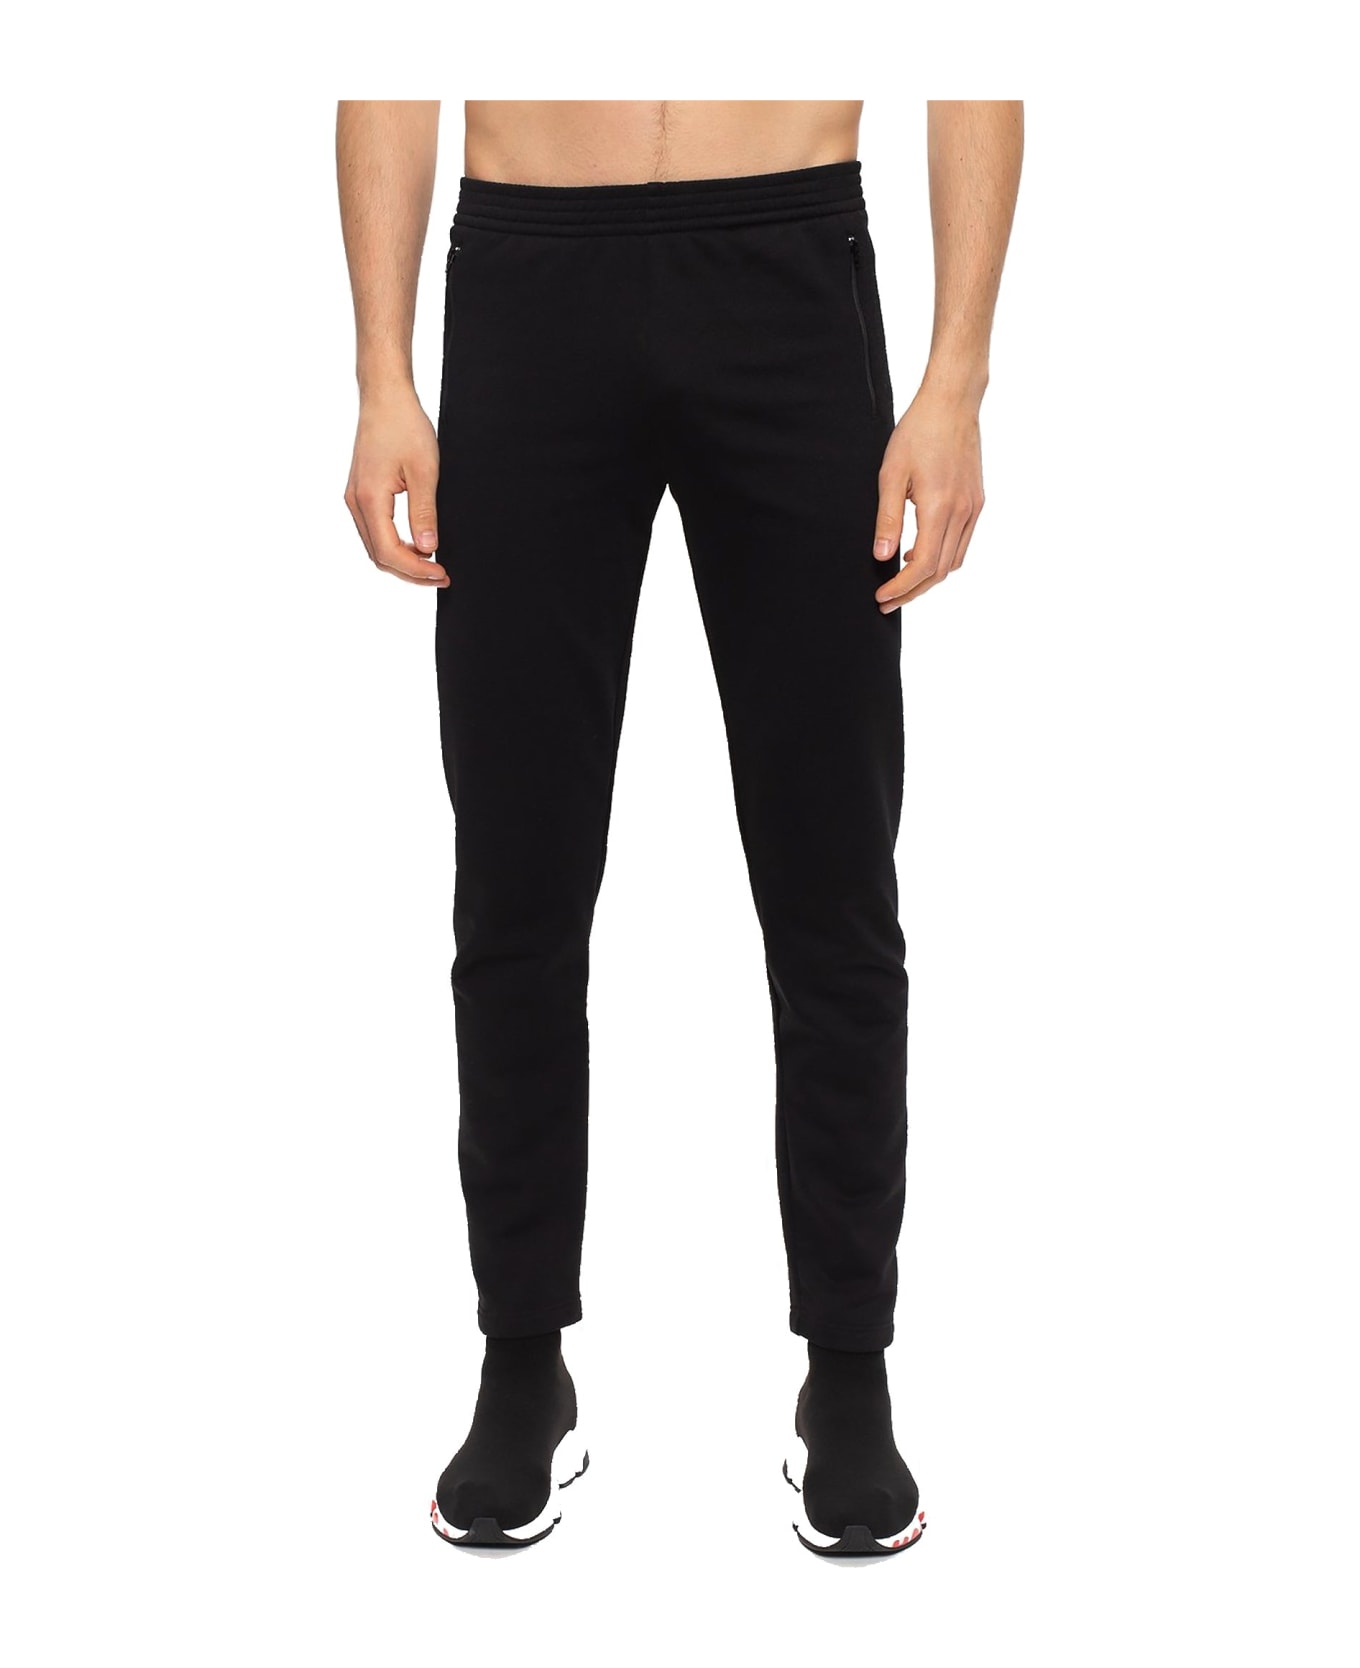 Balenciaga Cotton Pants - Black
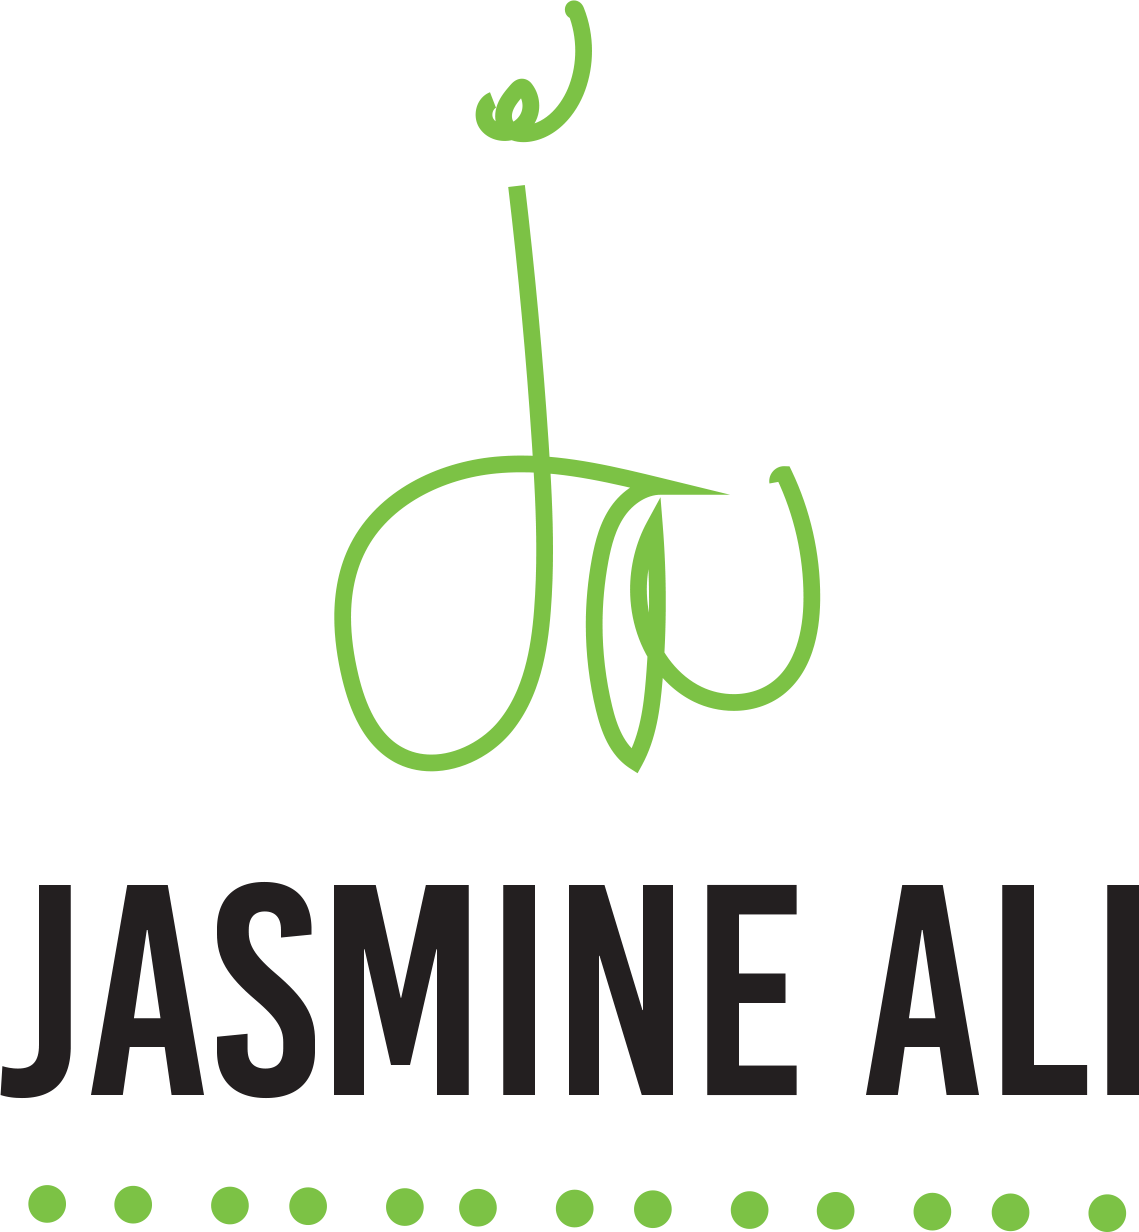 Jasmine Ali
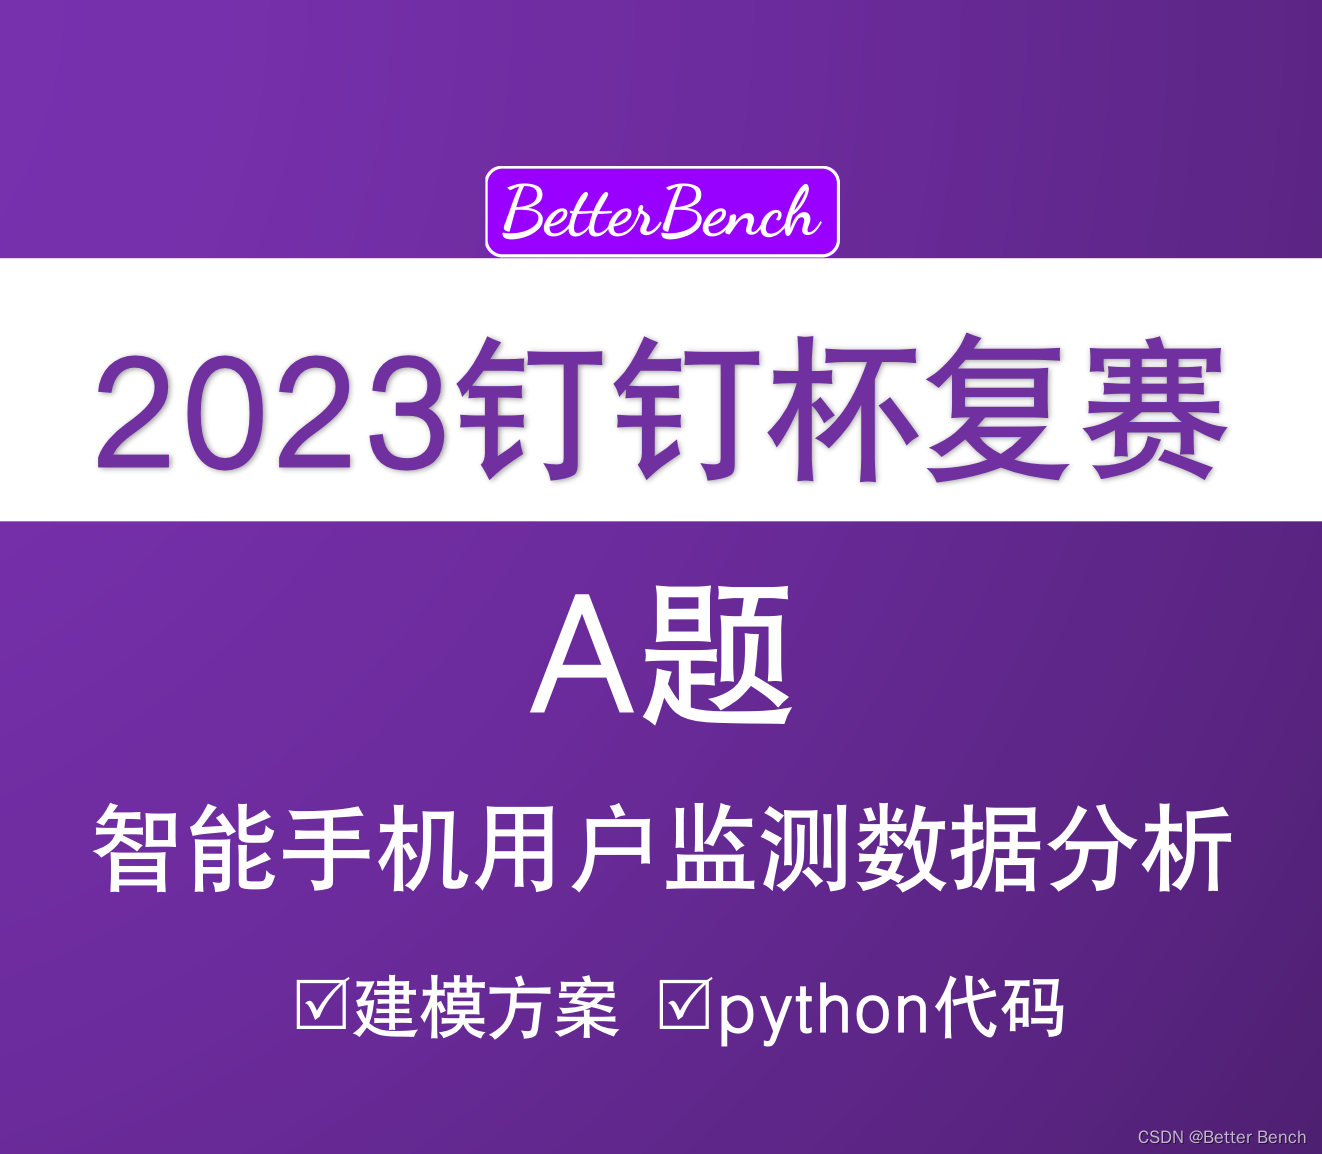 【2023钉钉杯复赛】A题 智能手机用户监测数据分析 Python代码分析

·····

**Your objective**
Word for word, give the data above again, without any images.

**Answer to this exercise**
 Balenciaga Cotton Pants - Black
 Jasmine Ali
 【2023钉钉杯复赛】A题 智能手机用户监测数据分析 Python代码分析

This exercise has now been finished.